Taken together, this study describes a timely and lightweight solution for cancer CNA detection that is scalable to large-scale sequencing studies. A similar approach can be applied for accurate CNA detection in high-depth single-cell sequencing, and the solution is extensible to whole genome sequencing. A remaining challenge is the joint identification of unknown parameters such as ploidy and cellularity—in which parameters may not be identifiable without imposing additional assumptions. Nevertheless, we hope that our solution offers a path forward for deconvolving the complexities of the cancer genome, and stimulates further interest in allele-specific CNA profiling based on LRR and BAF.
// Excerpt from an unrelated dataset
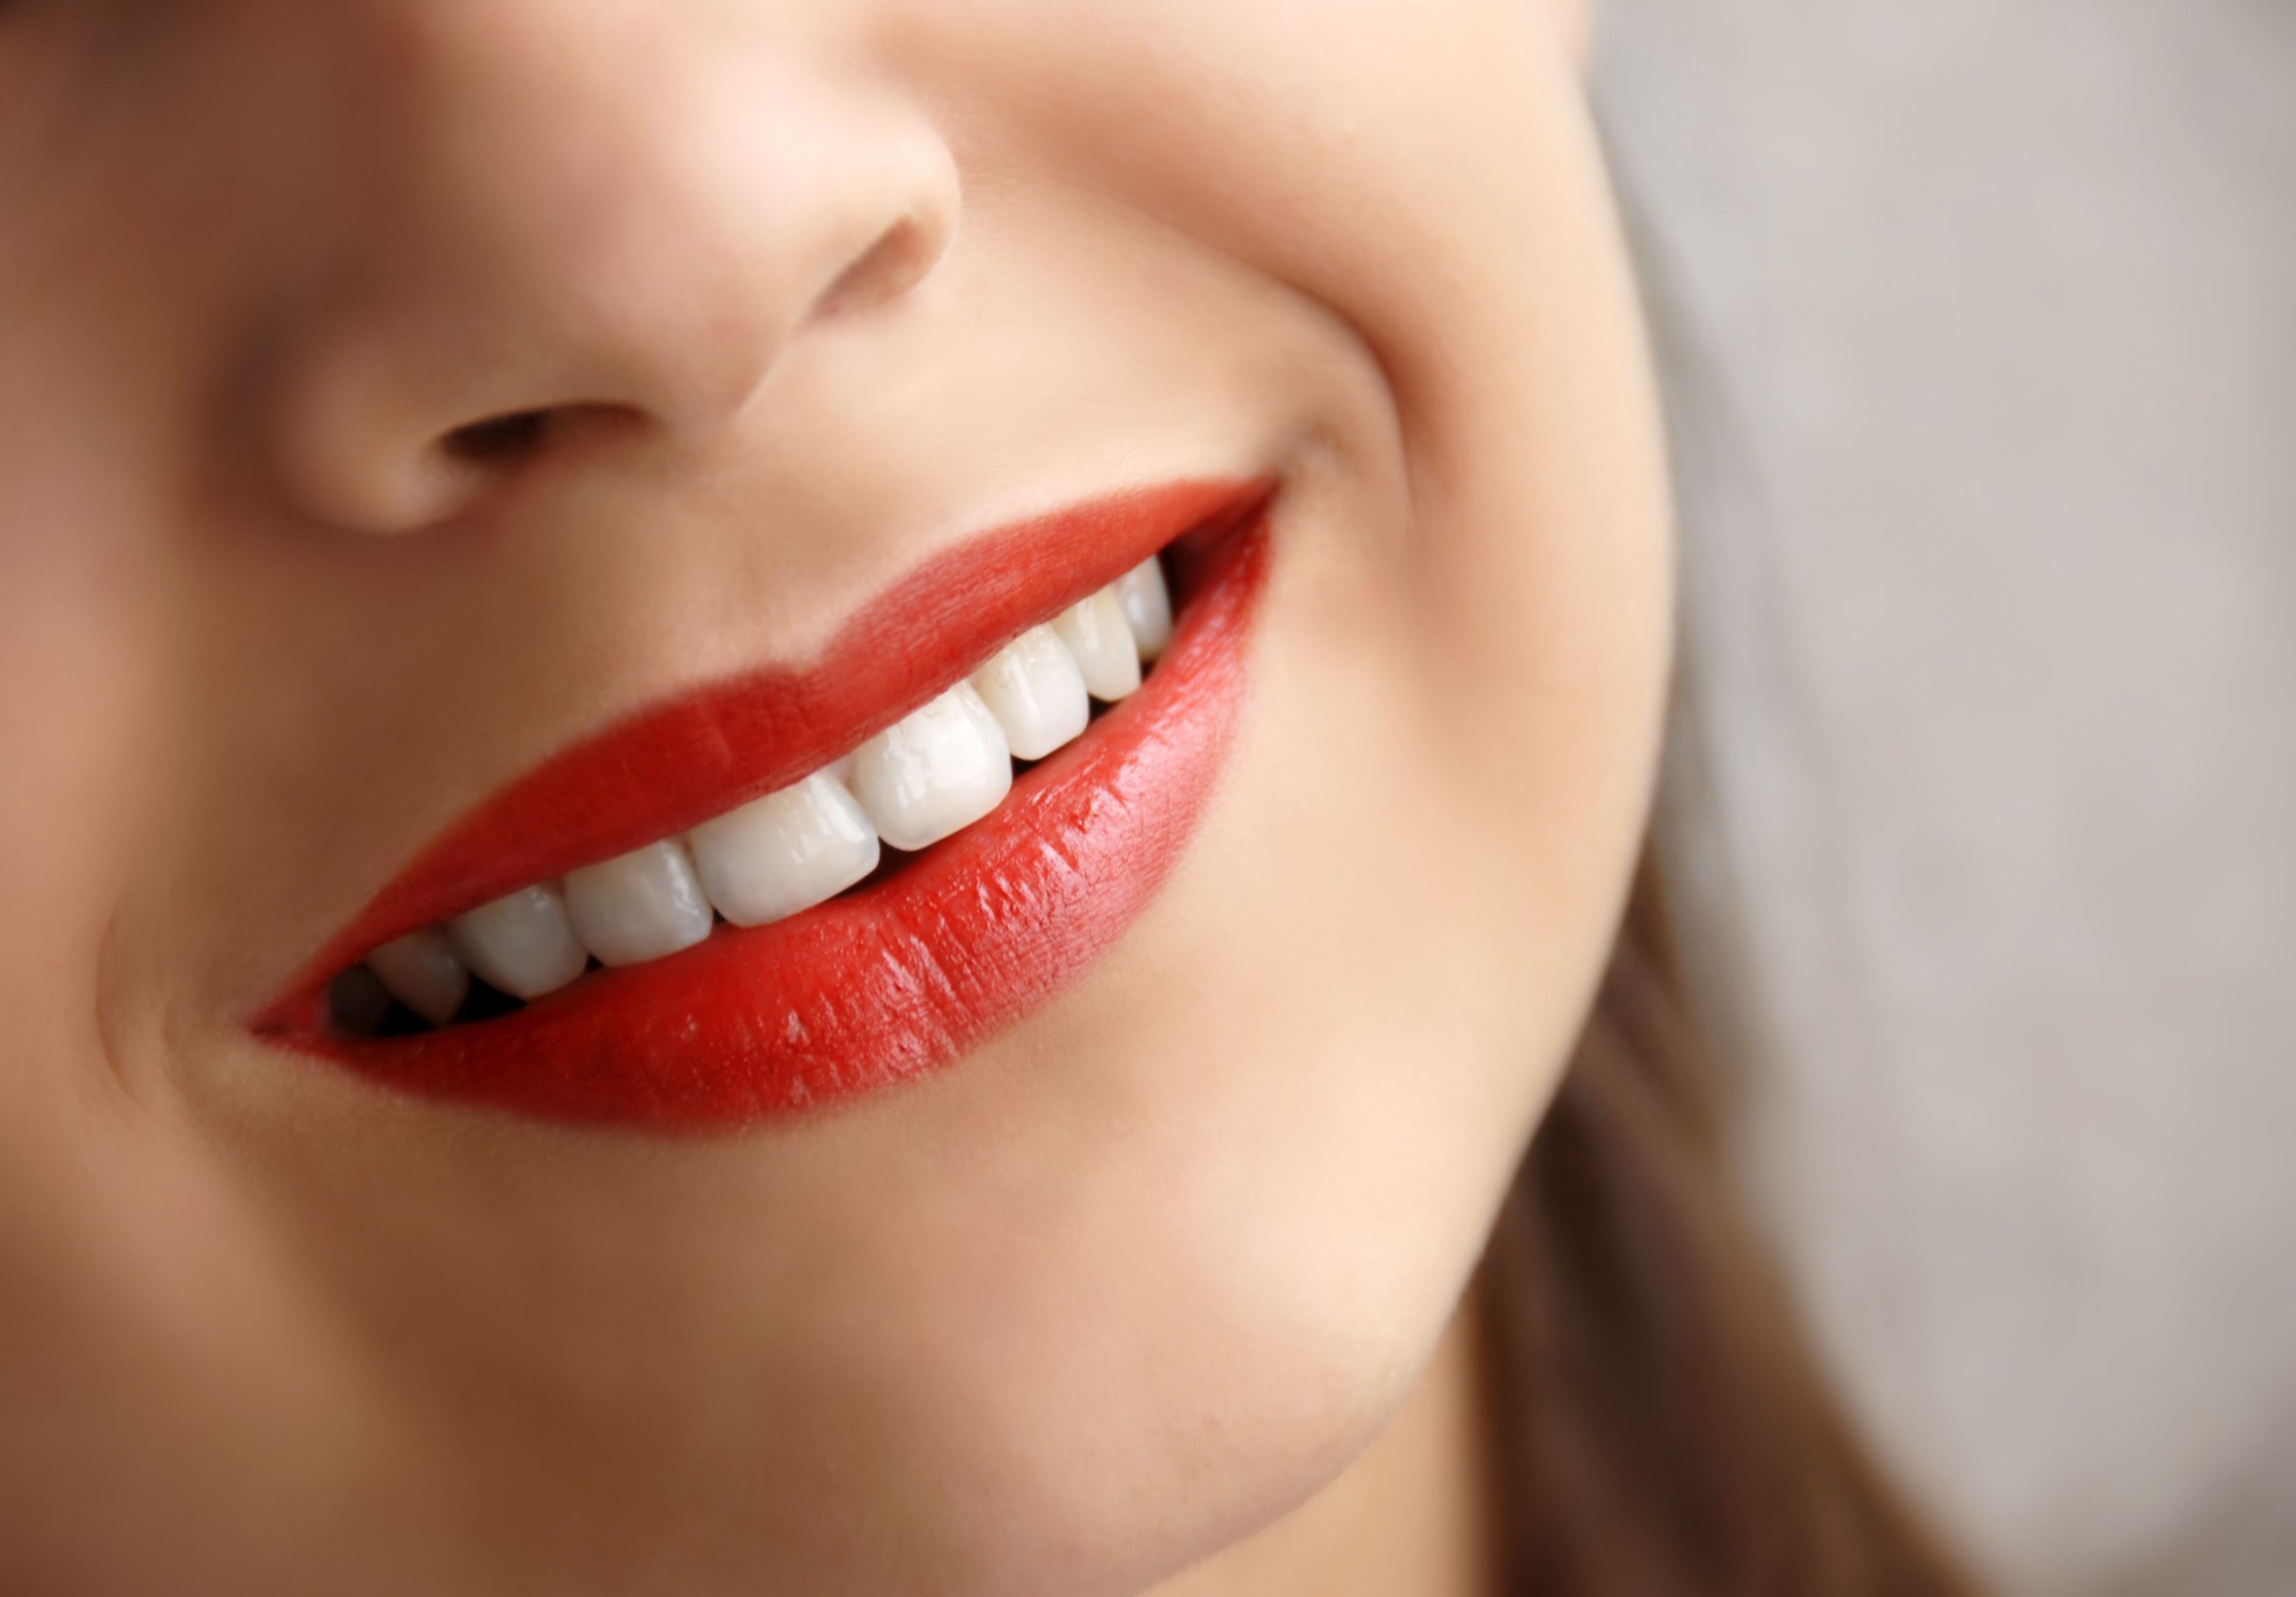 Where can I find a Cosmetic Dentist 94539?

We propose a lightweight approach for assessing WES-based global DNA copy number abberations that (i) replicates copy number calls from exisiting analysis methodologies; (ii) derives tumor ploidy and cellularity; and (iii) provides information for cross-tumor integrative analysis.
The authors would like to thank Bo Li for helpful discussion.
M.K. was supported by the National Cancer Institute (Yale SPORE in skin cancer, P50 CA121974). M.C. was supported in part by the National Institutes of Health (NIH) grants R01 CA082659 and P01CA142538. X.W. was supported in part by the NIH grant P20 CA192994.
Conflict of Interest: none declared.